Nobody should embark on the dangerous path of playwriting until they have spent at least six months drinking coffee in a busy cafe. Preferably one you have to catch a bus to get to.
I’m not being entirely whimsical. The idea is that as a play wright, as any
sort of writer, you should listen to people talking. As much and as often as
possible. You need to listen closely and
at some length as you sip your americano.
You also need to get your notbook out and write down what they say and,
most important, the way they say it. Until
you have spent hours and hours doing this and have acquired some understanding
of the way people speak to each other; the speech patterns and rhythms, then
you cannot begin to write plays.
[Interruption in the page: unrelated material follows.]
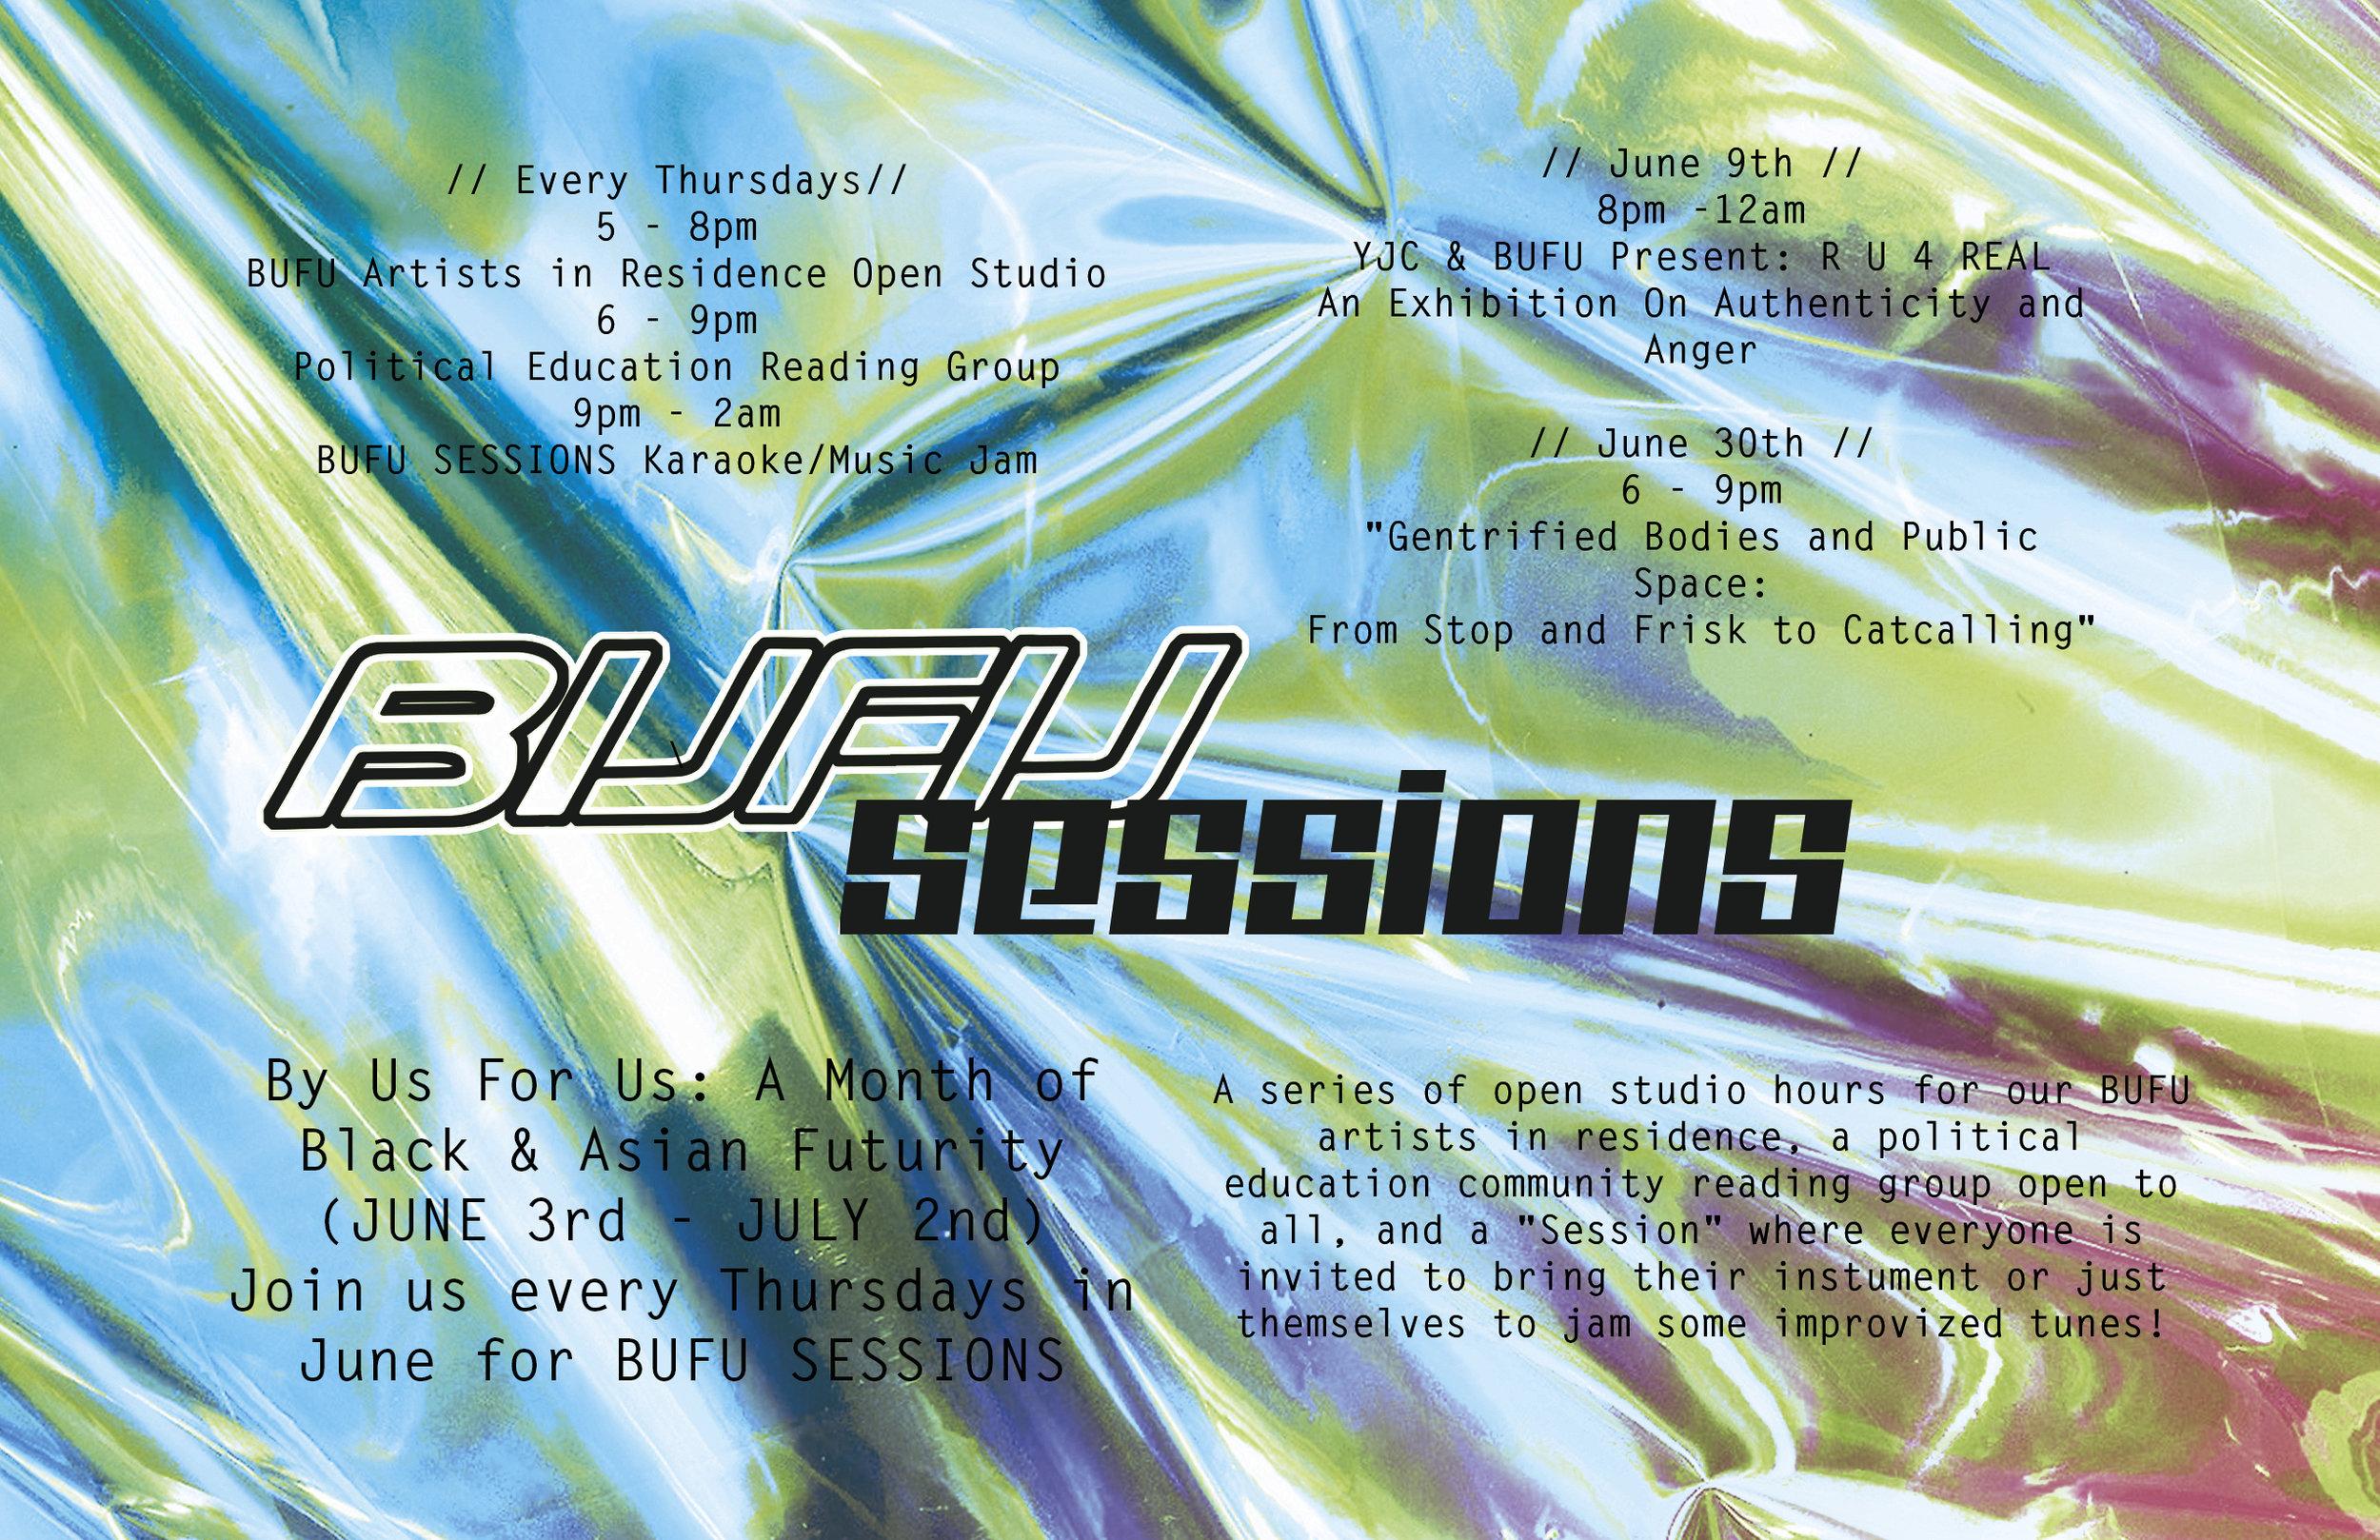 BUFU_sessionslonger.jpg

Because
the stuff of plays is made up of the interactions and interplays of
characters. If you can’t get that, then
you can’t write a play. Anybody can
write a play that depends on situation or plot but to write a play that depends
on character requires an understanding of how to build a character and how that
character develops within and around a plot.
Indeed how the character and the plot are inextricably linked. What happens in a play can only happen
because of that character and that character drives what happens.
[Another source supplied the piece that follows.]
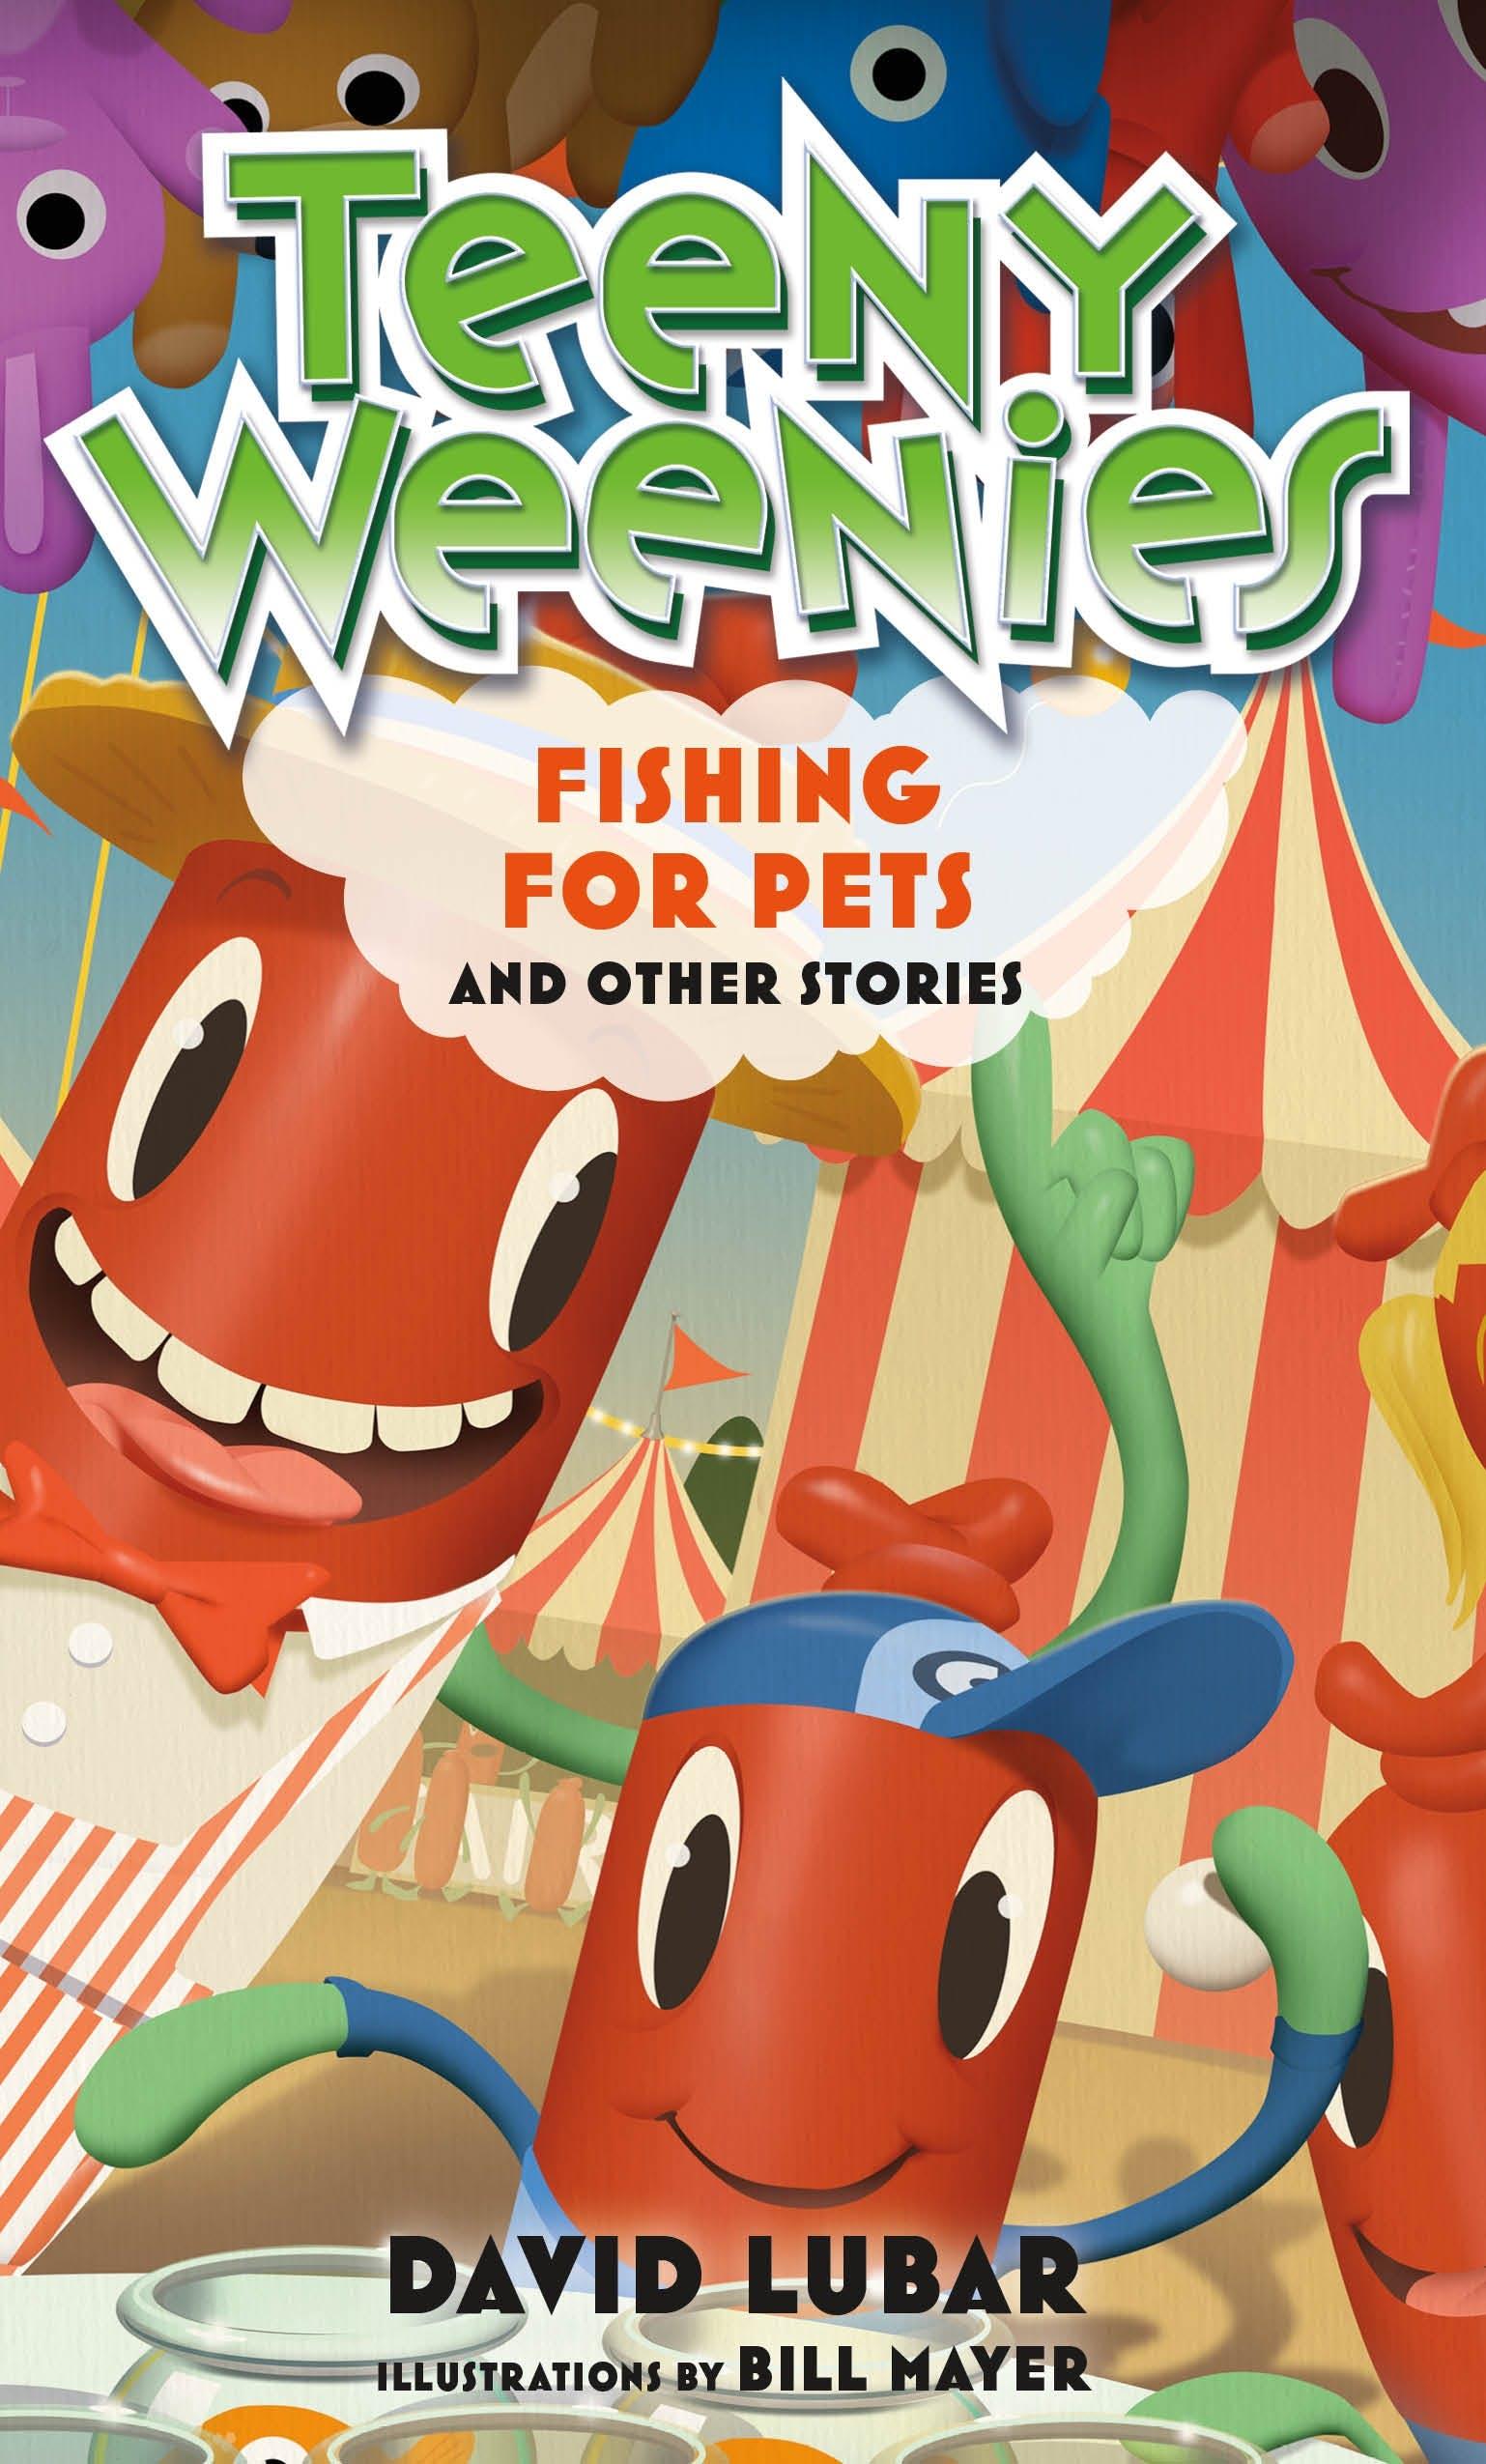 Image of Teeny Weenies: Fishing for Pets

There are no rules about getting a character to speak. Indeed, you will find out very quickly as you
listen, that there are absolutely no rules to conversation at all. Trying to record and reproduce is virtually
impossible. Conversational speech is
broken, halting, discursive, unsettled.
Entirely without grammar or syntax as described in the conventional
manuals. Sentences have no verbs. They do not link one to another. They are made up partly of words, partly of
sounds and partly of gestures.
What’s more, dialogues have very little logic. It is quite possible for one person to
espouse several quite contradictory ideas at one time. Sometimes our interlocuters speak in other voices
(the actual meaning of “irony” by the way).
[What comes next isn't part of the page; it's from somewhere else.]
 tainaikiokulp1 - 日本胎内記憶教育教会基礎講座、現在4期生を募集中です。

Most of the time conversation does not follow the neat ordered pattern
of question and response we would expect as writers. Most of the time people will only talk about
themselves. Each question or statement
being answered or interrupted by their own experience.
Yet, somehow in this mish mash of half formed sentences and
ill formed ideas some sort of exchange takes place. It may be indirect and convoluted but
eventually some idea may be conveyed to the other party.
So what do we playwrights learn from this? Firstly, that our characters need to be freed
from the conventions of written speech.
This gives us the opportunities to learn about the reality of our
characters. Our character can grow with
our discovery of their little tics and irregularities. And I don’t mean that that gives us licence
to write in some sort of ridiculous Dick Van Dyke cockney voice. I mean that we can discover the outward signs
of the inward workings of a character though their speech. And as we write it we need to speak it out
loud. We are trying to record a spoken interchange so it only exists in some
bare notation as words on a page.
Secondly, we need to remember that most conversations are
about anything but the subject in hand.
This is especially true about complex and deep subjects. It takes quite a bit of beating about the
bush before the real feelings of our character is flushed out. This is what makes the process of play
watching so enjoyable. The audience are
voyeurs trying to understand something from the snippets of half formed
conversation they are allowed to overhear.
And, of course, our characters are often unreliable witnesses. They lie, they prevaricate, they say the very
opposite of what they really think and feel.
But as the watchers begin to know and understand they begin to get more
and more drawn in and engaged.
Thirdly, we need to avoid the need for stage
directions. If you’ve got the voice
right then there is no need to interject (humorously) or (bitterly) it must be
there in the speech itslef. If you find
you have to resort to stage directions than you need to recast the speech.
Similarly, as a director, I get annoyed by writers who write detailed character
descriptions in the stage directions but do not carry them through into their
actual speech and actions. It is not
good enough to describe a character as “Young dynamic and ambitious” You need
to show that. You need to show how that
ambition is manifested or hidden.
Fourthly, plot needs to correlate with the characters you
are drawing. If you are beating your
characters into a particular plot twist or situation then you have either got
the plot wrong or the character or, most likely, both. The actions that a character takes are the
ones that define that character and are defined by that character. If there is a surprising plot or character
twist you need to ask yourself whether you have buried that possibility deep
within the psyche of the character you are working with. You need to ask
yourself “does it contradict anything that has already been laid down?”